Несомненно, ожидавшимся с большими надеждами самолетом был реактивный Ме-262, появившийся в разговорах с декабря 1942 года. Информация о нем сначала была смутной и шла через третьи руки [460]. Так, унтер-офицер Ротт из 10-й скоростной бомбардировочной эскадры 10 апреля 1943 года был убежден, что в Люфтваффе «что-то делают», так как командир соседней эскадры после посещения испытательного аэродрома Люфтваффе уже делал ему какие- то намеки о реактивном истребителе [461]. Потом, в конце 1943 года, появились первые рассказы свидетелей об этой «адской штуке» [462]. Лейтенант Шюрман с воодушевлением рассказывал: «Это, конечно же, сумасшедшие штуки. Я видел, как они летают (…). Их скорость я оцениваю, по крайней мере, от 700 до 800, минимум [463]. С весны 1944 года предполагалось, что Ме-262 вскоре начнут применять.
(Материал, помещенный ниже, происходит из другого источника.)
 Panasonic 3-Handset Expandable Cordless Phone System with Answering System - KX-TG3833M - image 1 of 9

Лейтенант Фритц рассказывал, как генерал из бомбардировочной авиации в марте 1944 года во время проверки их части подчеркнул, что «все производство мельниц [Ju-88] ограничено, так как уже начата подготовка к производству реактивных самолетов; что они сразу будут применяться с большим размахом, и мы, таким образом, снова завоюем господство в воздухе» [464].
Подобная информация распространялась и среди страдающего мирного населения. Обер-ефрейтор Малецки, например, слышал, как люди в Германии говорили: «Когда появится турбинный истребитель, то всех прогонит» [465].
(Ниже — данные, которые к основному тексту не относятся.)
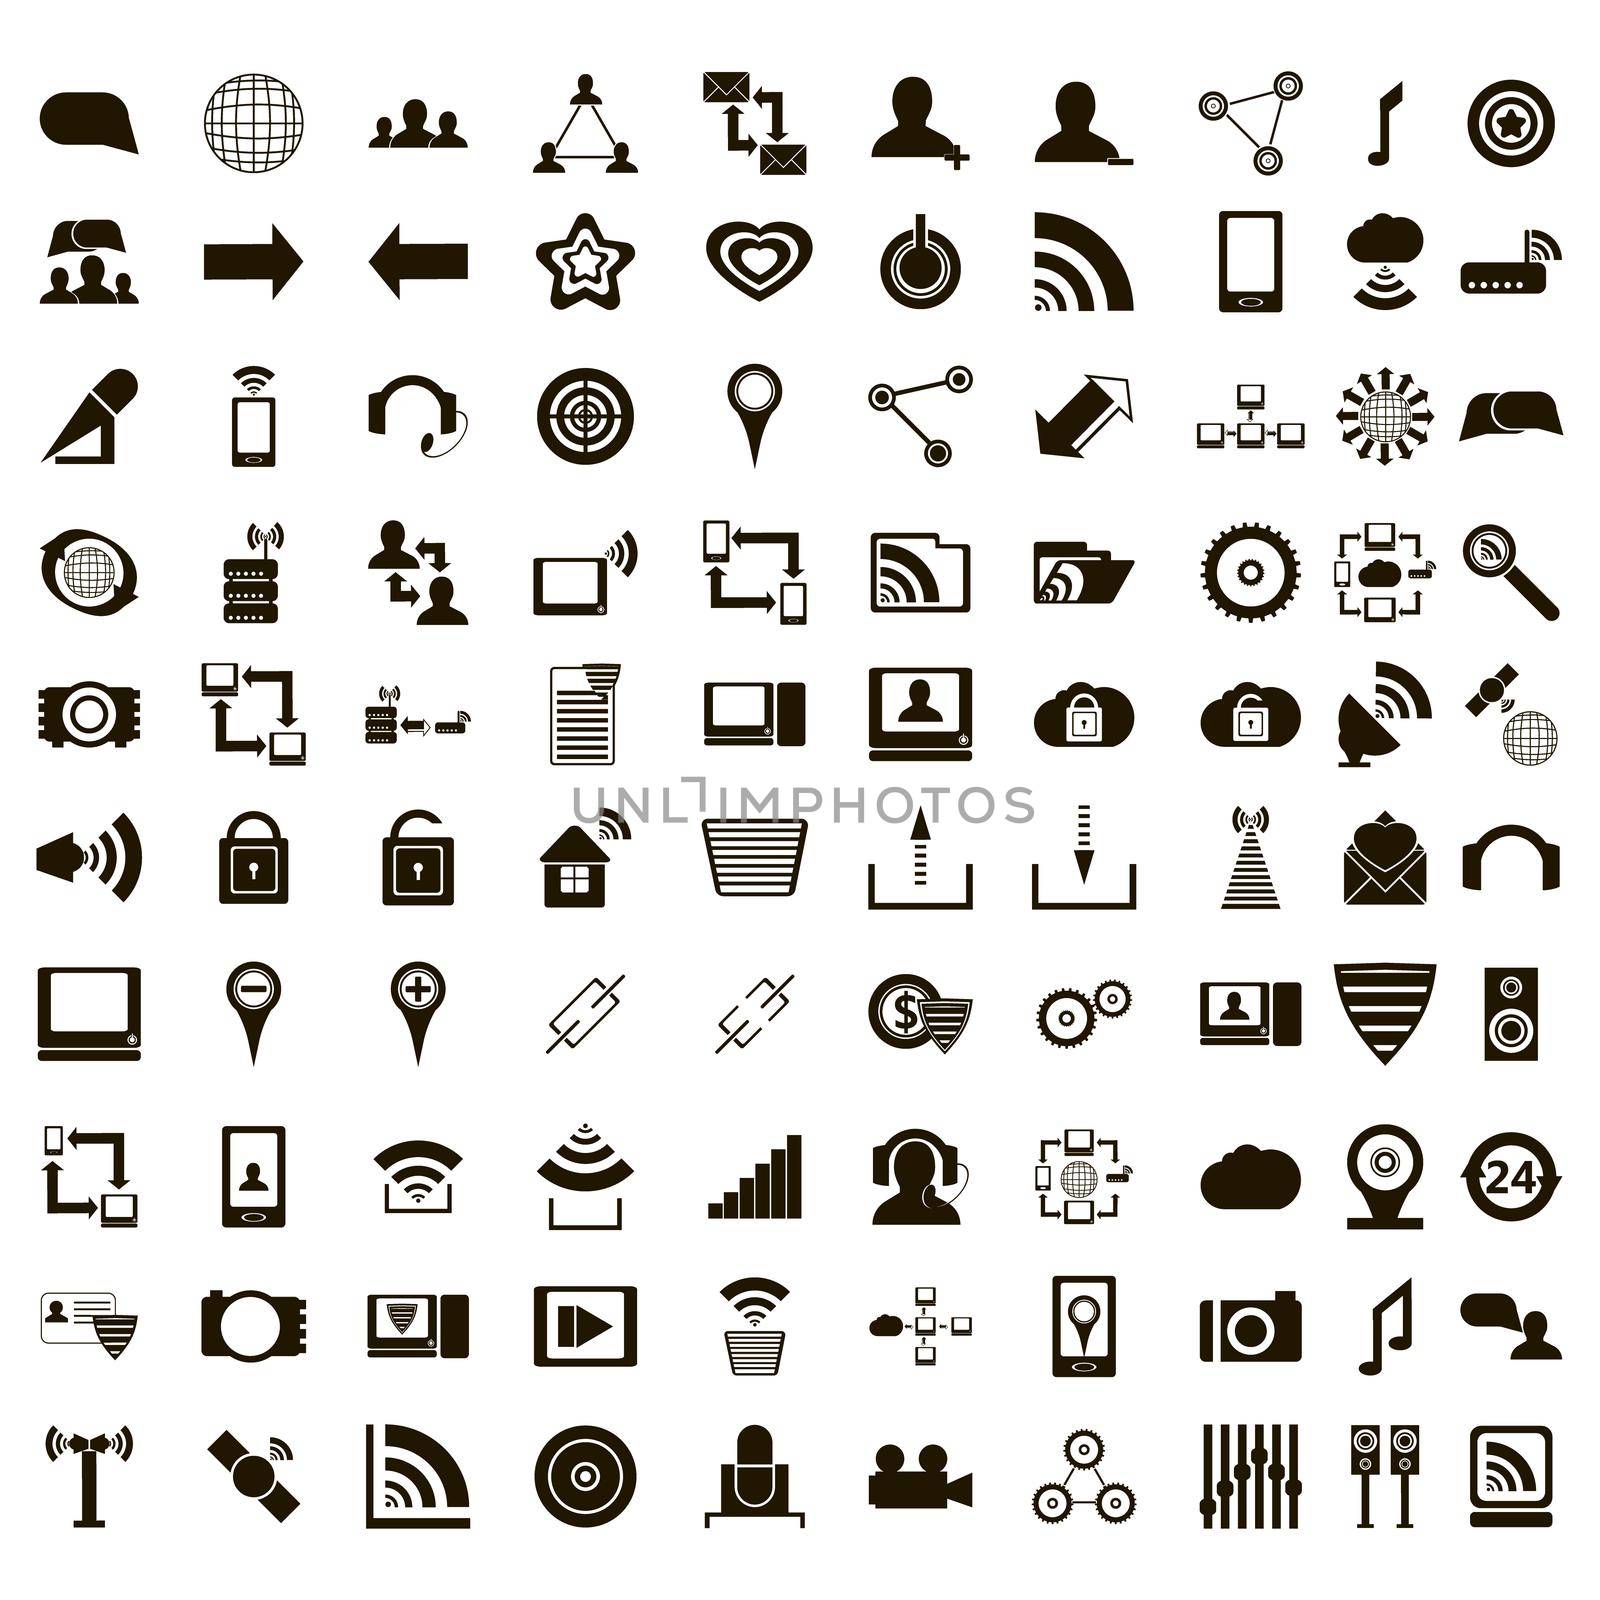 100 office icons set, simple style by ylivdesign

В любом случае казалось, что не было никаких сомнений в легендарных качествах Ме-262. Через девять дней после того как его сбили, бортрадист бомбардировщика Ju-88 в июле 1944 года был уверен: «Вот сейчас уже появится турбинный истребитель, и если его смогут бросить в бой в массовых количествах, то «Томми» со своими четырехмоторными обанкротится. Люфтваффе тяжело на подъем, но пройдет немного времени, может быть, полгода, и все будет хорошо» [466]. Точно так же думал лейтенант Цинк из 3-й истребительной эскадры: «Через четырнадцать дней здесь будет [Ме-262], первая группа. 1200 штук, тогда они сюда прибудут совершенно внезапно. (…) Он за две минуты набирает высоту 12 000. Поднимается под углом 44 градуса на скорости 800 километров в час. С этим абсолютно ничего нельзя будет сделать. У него восемь пушек, собьет всё. Тогда сюда можно будет со спокойной душой лететь на прогулку, тогда в воздухе может быть сто истребителей» [467].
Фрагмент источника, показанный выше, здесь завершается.